Rabat désire à présent capitaliser sur le potentiel du pays et transformer le commerce illicite en une industrie rationalisée, le tout, en coopération avec les agriculteurs et les entreprises pharmaceutiques. Mais certains agriculteurs ne font pas confiance au plan de l'État et préfèrent encire à vendre leurs récoltes au marché noir.
En l'absence d'une feuille de route détaillée garantissant aux agriculteurs des bénéfices financiers équivalents aux revenus des nouvelles entreprises, beaucoup rejettent le plan du gouvernement et préfèrent rester dans l'ombre. Les agriculteurs craignent que l'État permette simplement aux grandes entreprises et à l'industrie pharmaceutique de récolter tous les bénéfices de ce nouveau marché. Jusqu'ici, il n'y a eu que peu de garanties, surtout par écrit, assurant aux agriculteurs que rien de tout cela ne se produira.

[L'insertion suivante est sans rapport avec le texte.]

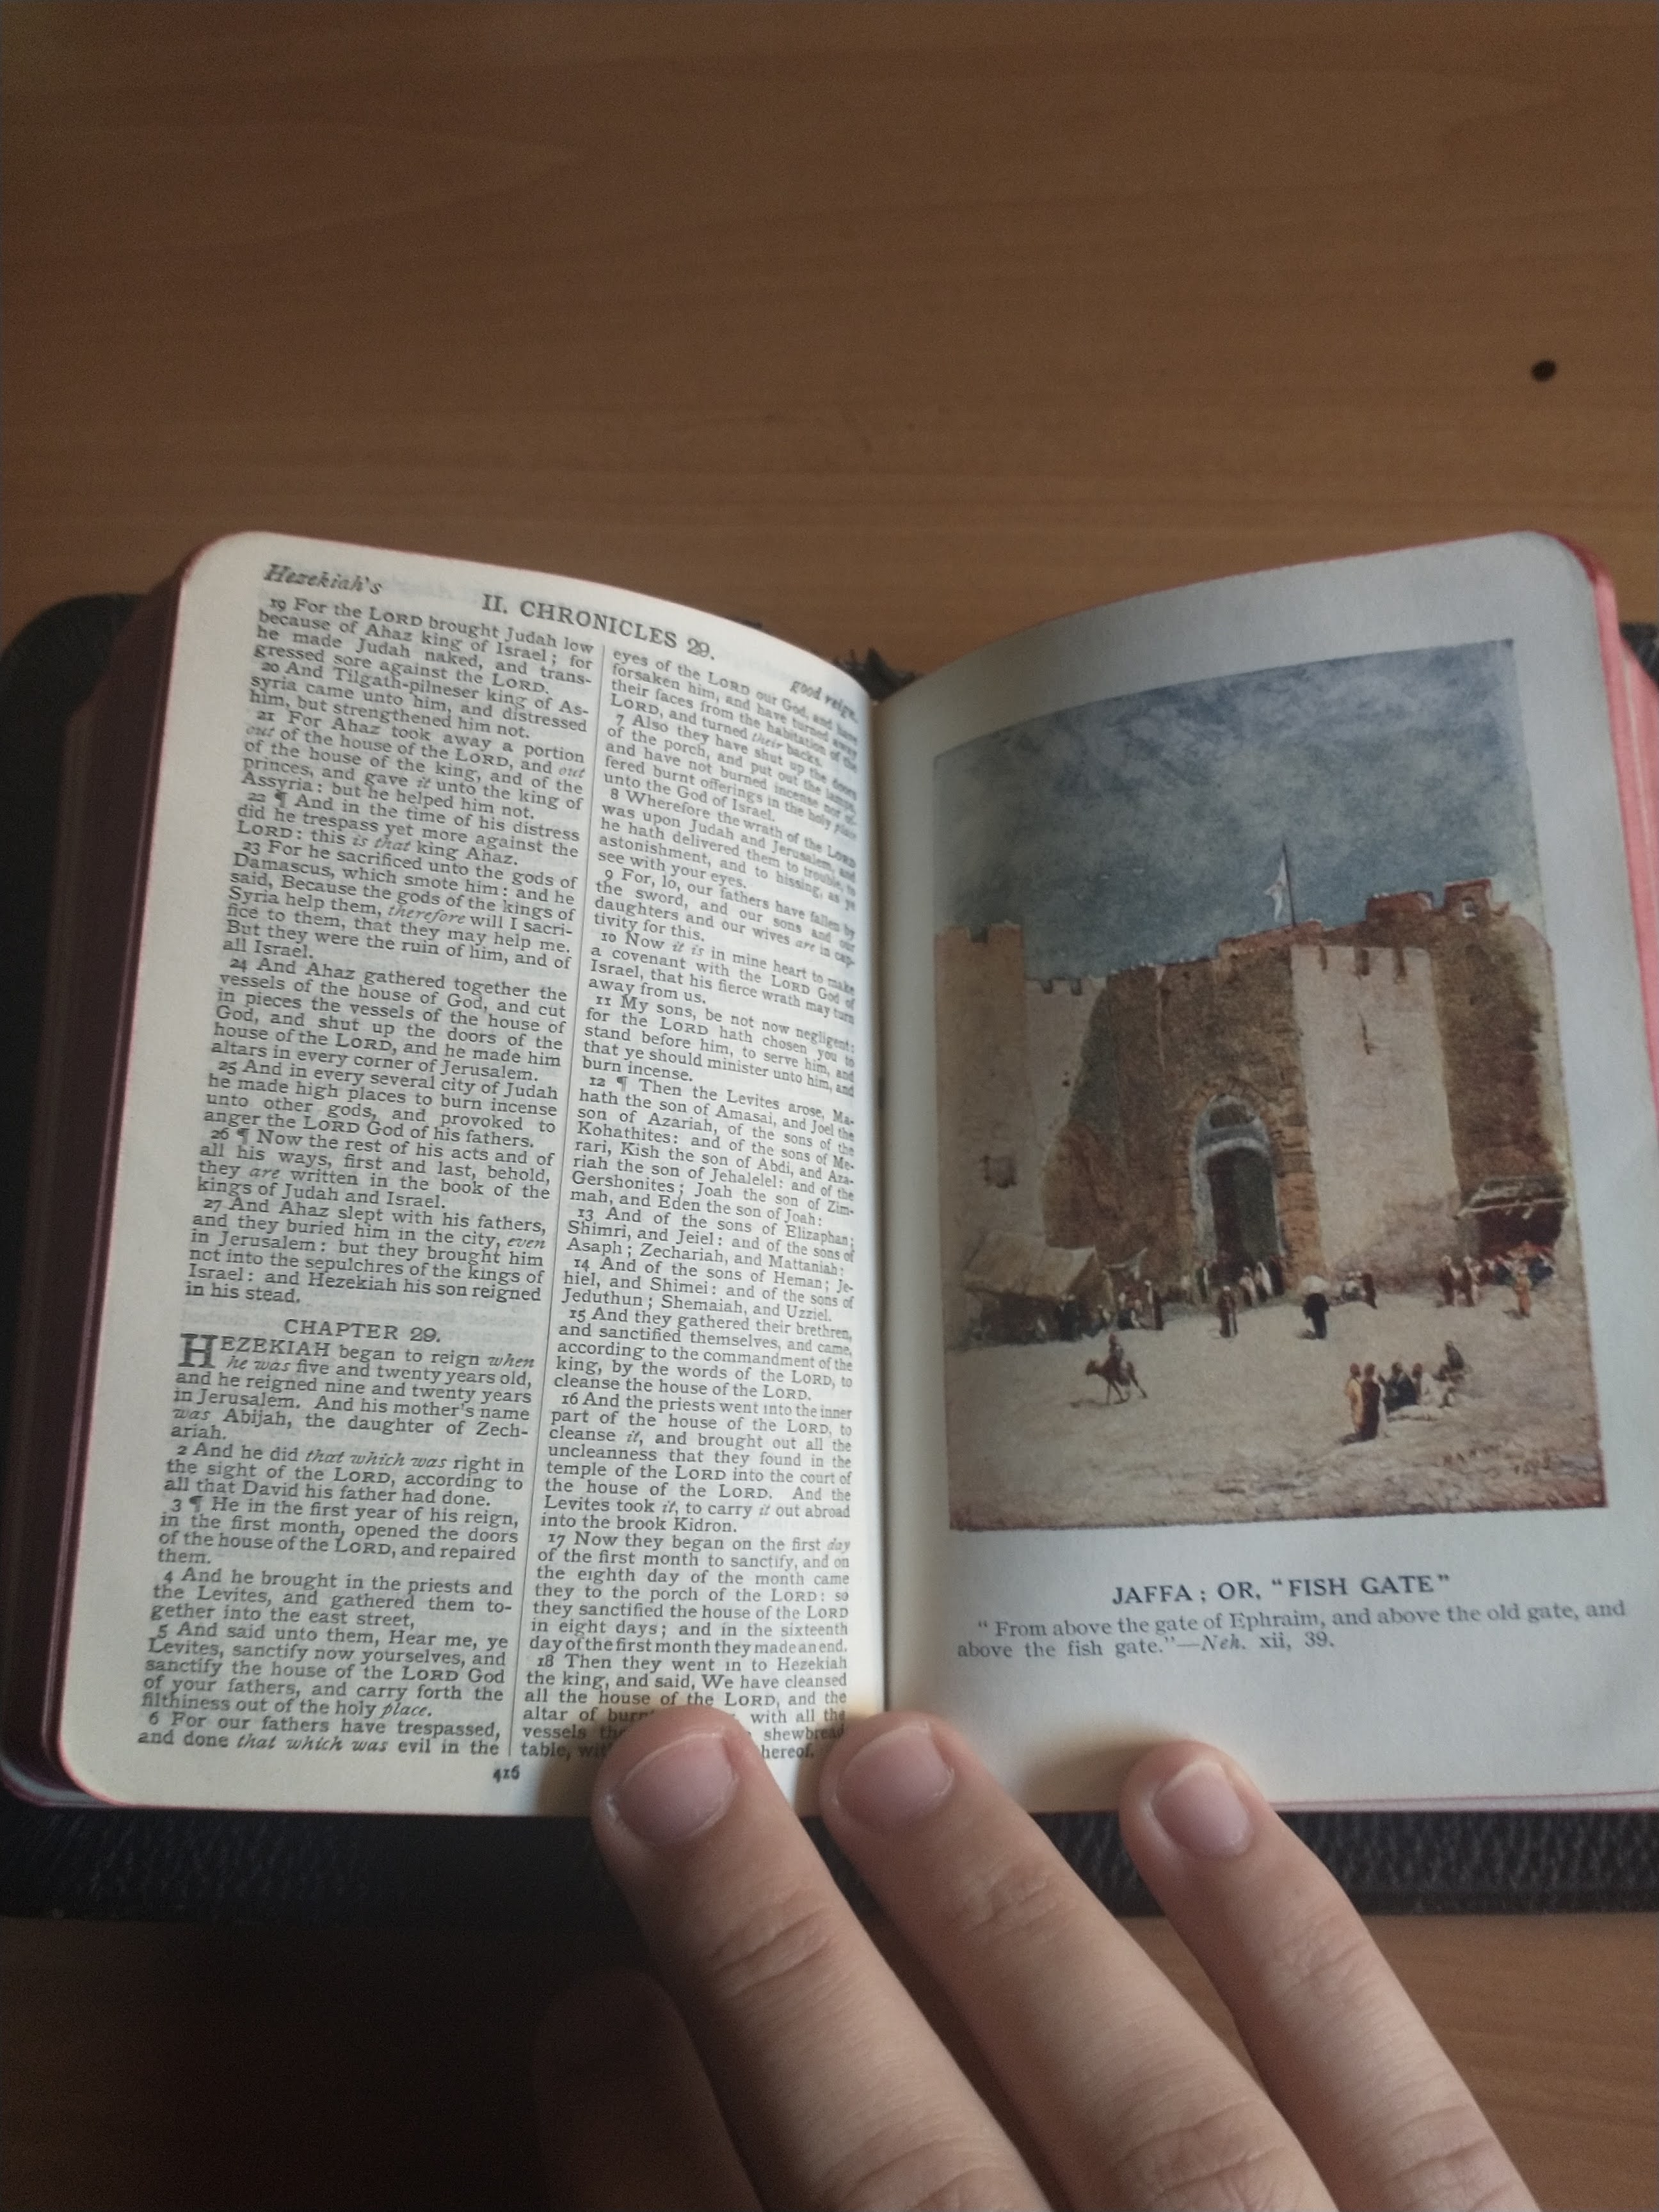 The Bible is open to pages further into the book. On the left page is II. Chronicles 29, in the same style as the previous photo. On the right page is an illustration titled "Jaffa; Or, "Fish Gate"". It is in the same style as before. In the foreground is a big sandstone castle with a white flag above it. There is an open gate, and people are walking in and out, and gathering around. There are two dilapidated market stands against the walls of the castle. A man travels by on a camel. The illustration is detailed enough to make out that these are people, and to see generally what they are doing, but not enough to make out any more personal details. The sky is blue.
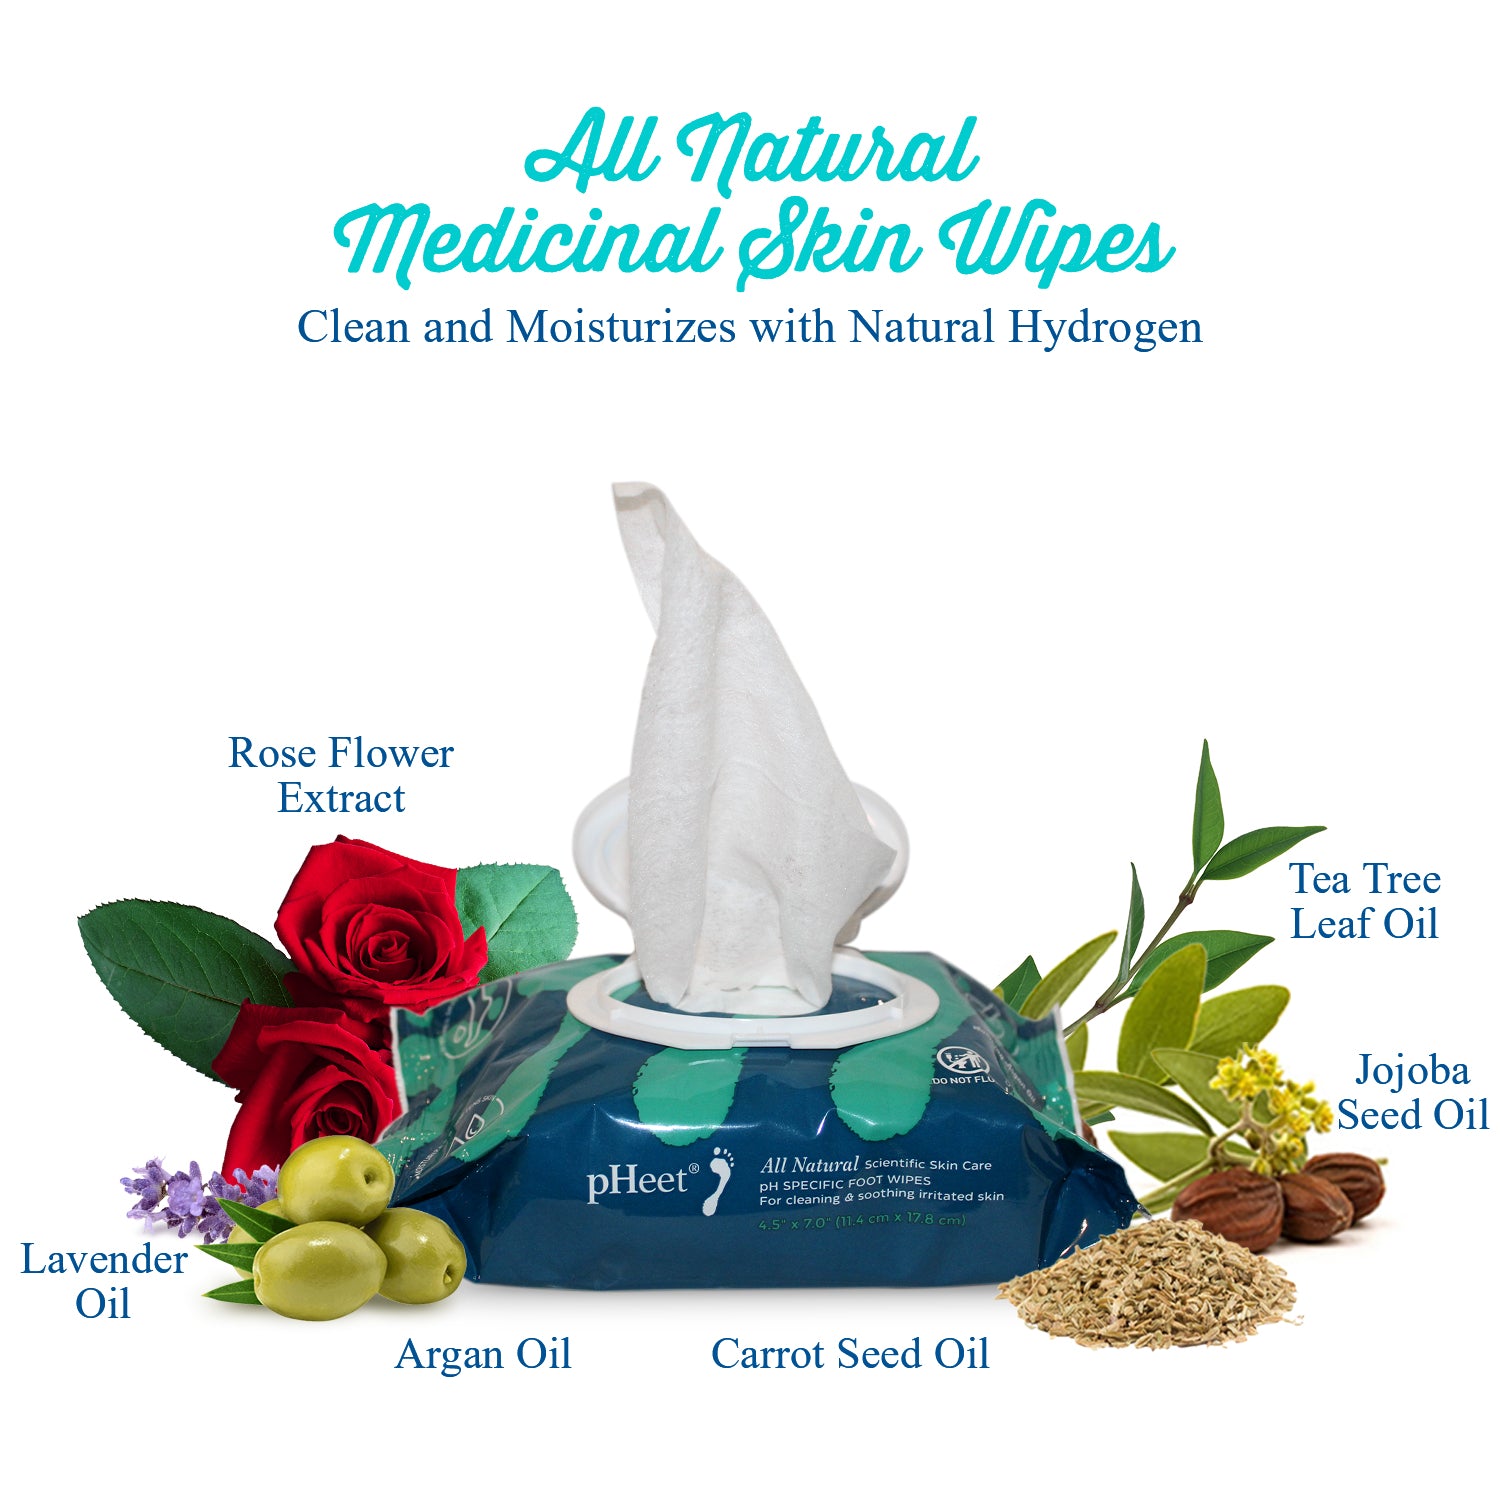 All Natural Medicinal Skin Wipes. Cleans and moistruizes with natural hydrogen. Some ingredients it contains are rose flower extract, lavender oil, argan oil, carrot seed oil, tea tree leaf oil and jojoba seed oil.

Les agriculteurs exhortent le gouvernement à aller plus loin
C'est pourquoi les agriculteurs demandent au gouvernement marocain d'envisager une légalisation du marché récréatif du cannabis. Ils affirment qu'il est nécessaire d'ouvrir le débat sur la question, arguant que la régulation à des seules fins médicales et industrielles n'éliminera pas le marché noir, la demande en cannabis récréatif n'ayant pas disparu avec la nouvelle législation.
C'est ce qu'a récemment déclaré la Coalition Marocaine pour l'Usage Médical et Industriel du Cannabis au cours d'une visite dans les terres agricoles de la région du Rif organisées par l'ANRAC pour célébrer le succès de cette première récolte. En effet, la légalisation actuelle présente bien des limites : bien qu'elle réduise (très peu) le nombre d'agriculteurs impliqués dans le trafic illégal de drogues, elle n'élimine pas les consommateurs de cannabis récréatif.
Cet appel à la diversification n'est pas nouveau. En juin 2023, la Coalition Marocaine pour l'Usage Médical et Industriel du Cannabis, accompagnée des résidents de régions traditionnellement connues pour la culture du cannabis, a lancé un appel à ouvrir un débat sur l'usage récréatif de la marijuana, énumérant les nombreux bienfaits pour la santé de la consommation de cannabis et le potentiel financier d'un marché récréatif légal dans le royaume nord-africain.
Cette proposition est en accord avec les recommandations présentées au Roi par le Comité du Modèle de Développement et le Conseil Économique, Social et Environnemental. Les deux rapports soulignent les avantages potentiels pour la santé publique d'une régulation complète, mais aussi ses intérêts économiques.
Désormais, en collaboration avec les producteurs de cannabis locaux, la coalition tiendra une série de débats et de séminaires avec les membres du parlement, afin d'obtenir une issue favorable à un éventuel projet de loi sur le cannabis récréatif. Cette collaboration entre acteurs sociaux et partis politiques permet d'espérer une issue favorable du projet.
Il est probable que le débat sur l'usage récréatif du cannabis gagne en envergure dans les prochains mois, à mesure que l'industrie légale du cannabis poursuit son développement au Maroc. Dans un monde où un nombre croissant de pays légalise le cannabis à des fins récréatives, le Maroc pourrait occuper une position de premier plan sur ce marché émergent.
L'Agence des Nations Unies pour les Drogues estime qu'environ 47.000 hectares de la région du Rif sont actuellement consacrés à la production de cannabis. Et les experts affirment qu'il est peu probable que le Maroc atteigne son plein potentiel tant que la culture se limite aux marchés médicaux et industriels. La véritable opportunité pour le Maroc à long terme, c'est le secteur récréatif. Car c'est là que le pays a bâti sa réputation depuis des décennies.
En attendant, comme aux États-Unis, les activistes, les populations locales et les agriculteurs réitèrent leurs critiques à l'égard d'un gouvernement qu'ils jugent hypocrite. Mais l'espoir est de mise et de grands changements sont envisageables. Car, malgré les défis et la complexité de la légalisation relative du cannabis au Maroc, la majorité de la population du pays soutient fermement la légalisation.